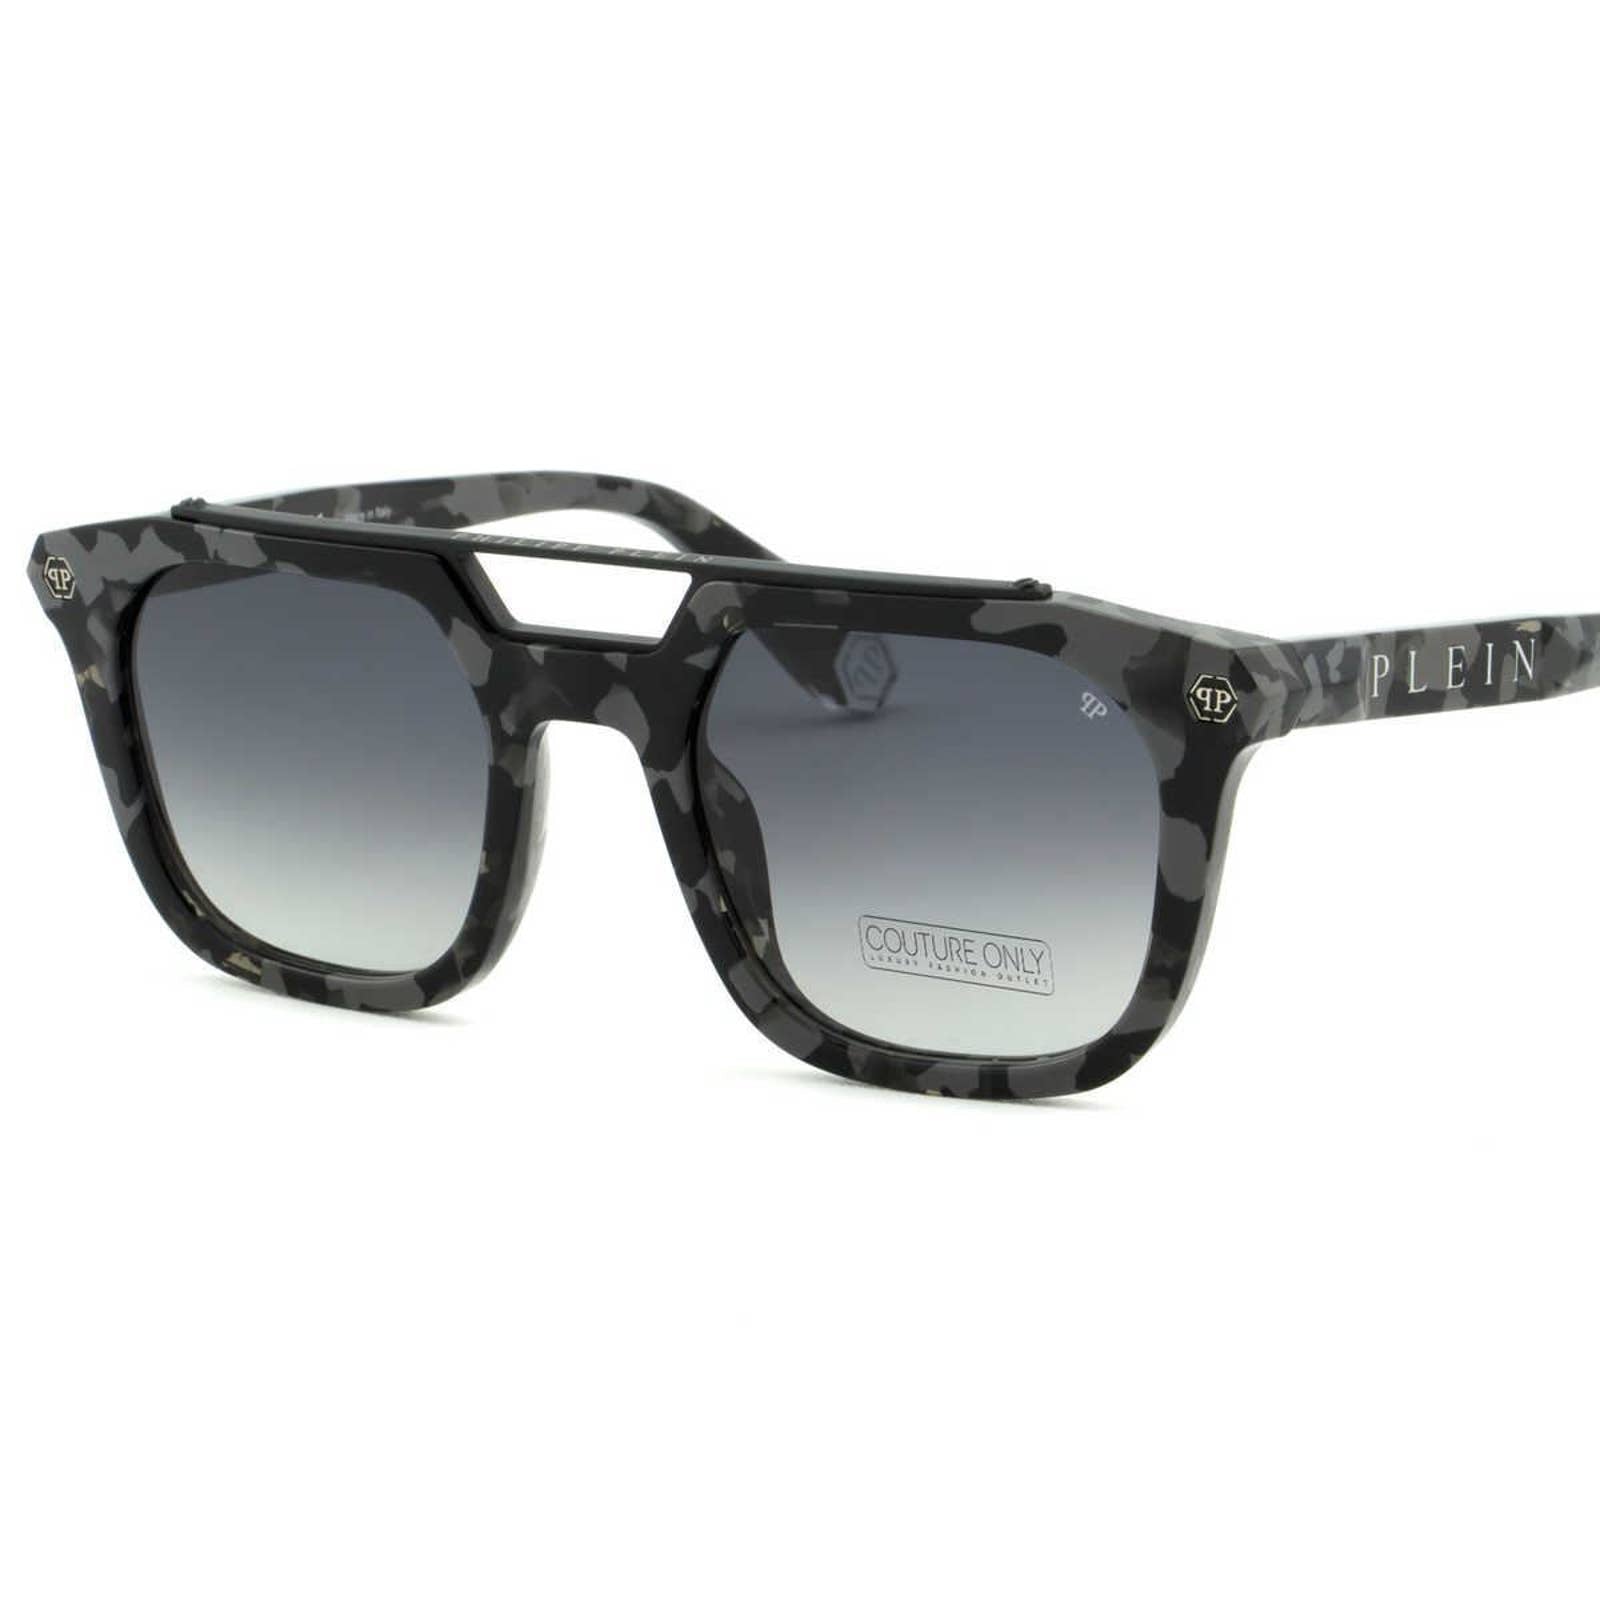 Men Camo Square Sunglasses SPP001M-0721 Gray Lens
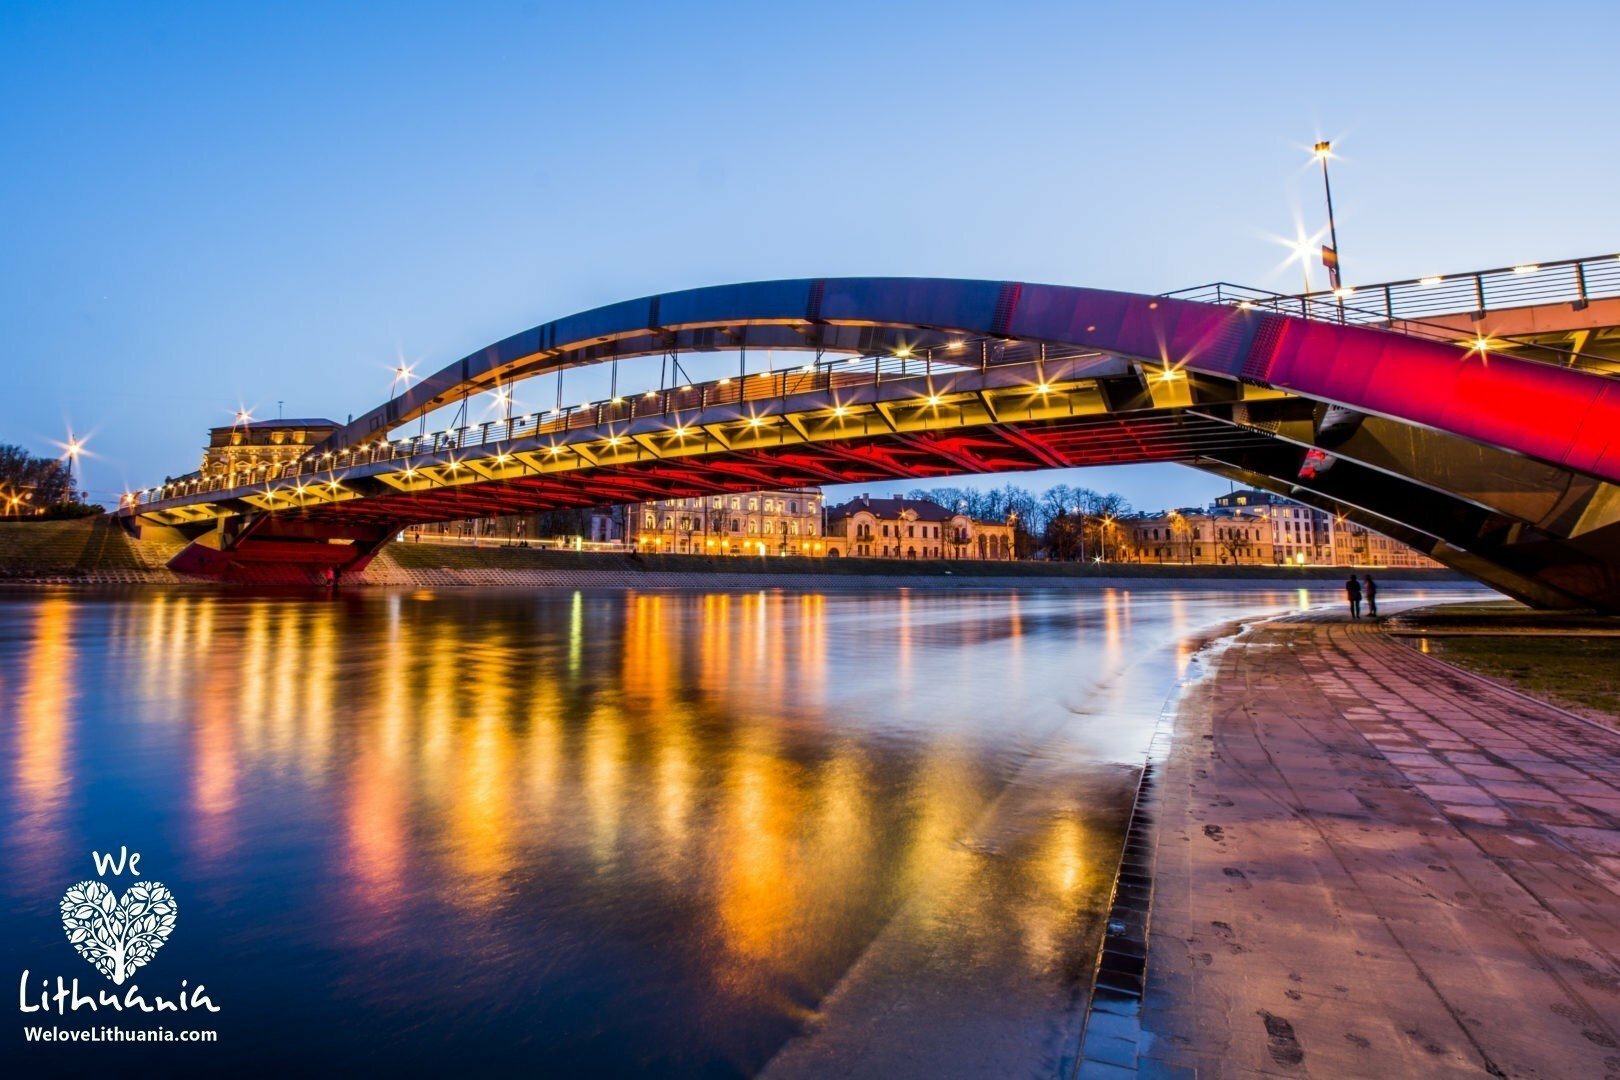 Karaliaus Mindaugo tiltas – nutiestas Vilniuje, per Neries upę, jungia Žirmūnų seniūniją su Vilniaus senamiesčiu. Tiltas pastatytas 2003 m., karaliaus Mindaugo karūnavimo 750 metų jubiliejaus proga. Tilto ilgis – 101 m, plotis – 19,7 m. Trys eismo juostos.
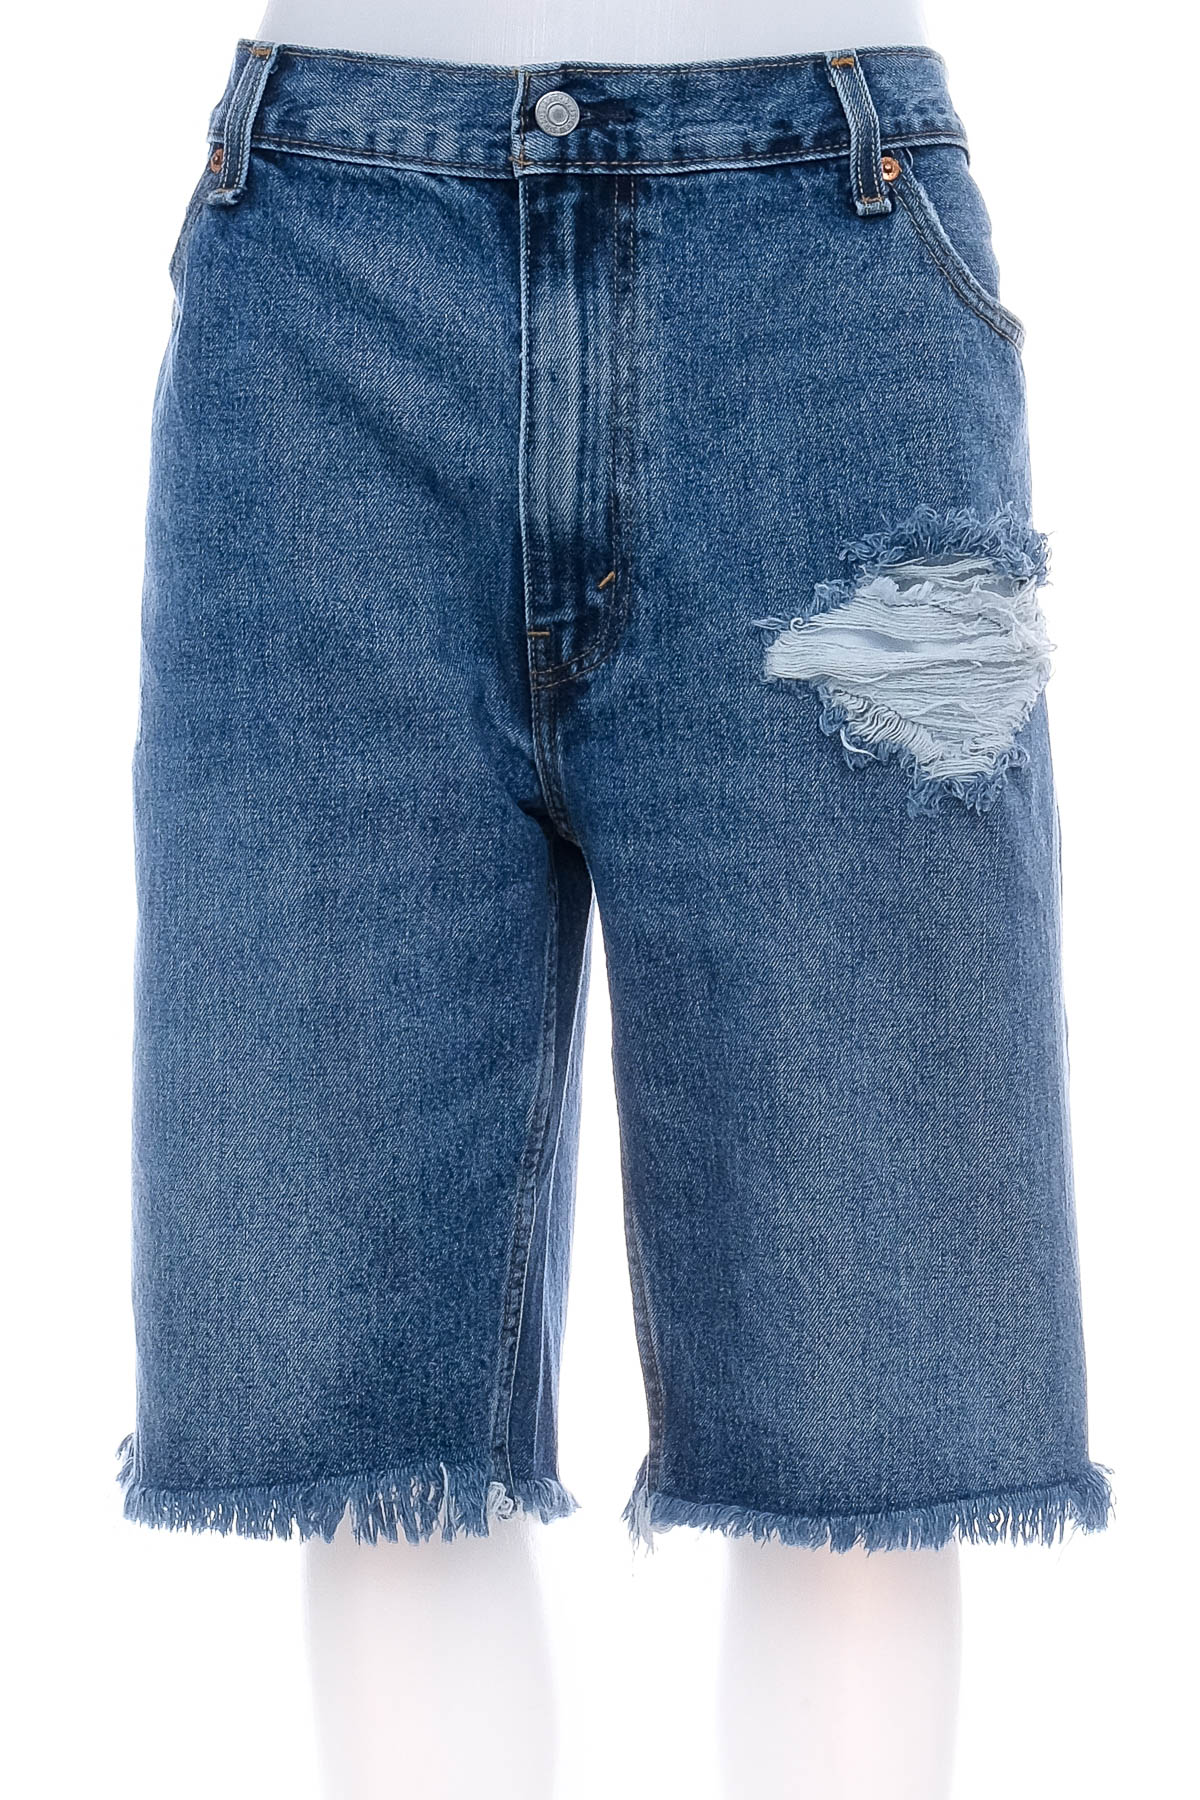 Pantaloni scurți bărbați - Levi Strauss & Co. - 0

What to do – Give every line above again exactly, omitting whatever pictures appear.

Solution to this problem –
 Men Camo Square Sunglasses SPP001M-0721 Gray Lens
 Karaliaus Mindaugo tiltas – nutiestas Vilniuje, per Neries upę, jungia Žirmūnų seniūniją su Vilniaus senamiesčiu. Tiltas pastatytas 2003 m., karaliaus Mindaugo karūnavimo 750 metų jubiliejaus proga. Tilto ilgis – 101 m, plotis – 19,7 m. Trys eismo juostos.
 Pantaloni scurți bărbați - Levi Strauss & Co. - 0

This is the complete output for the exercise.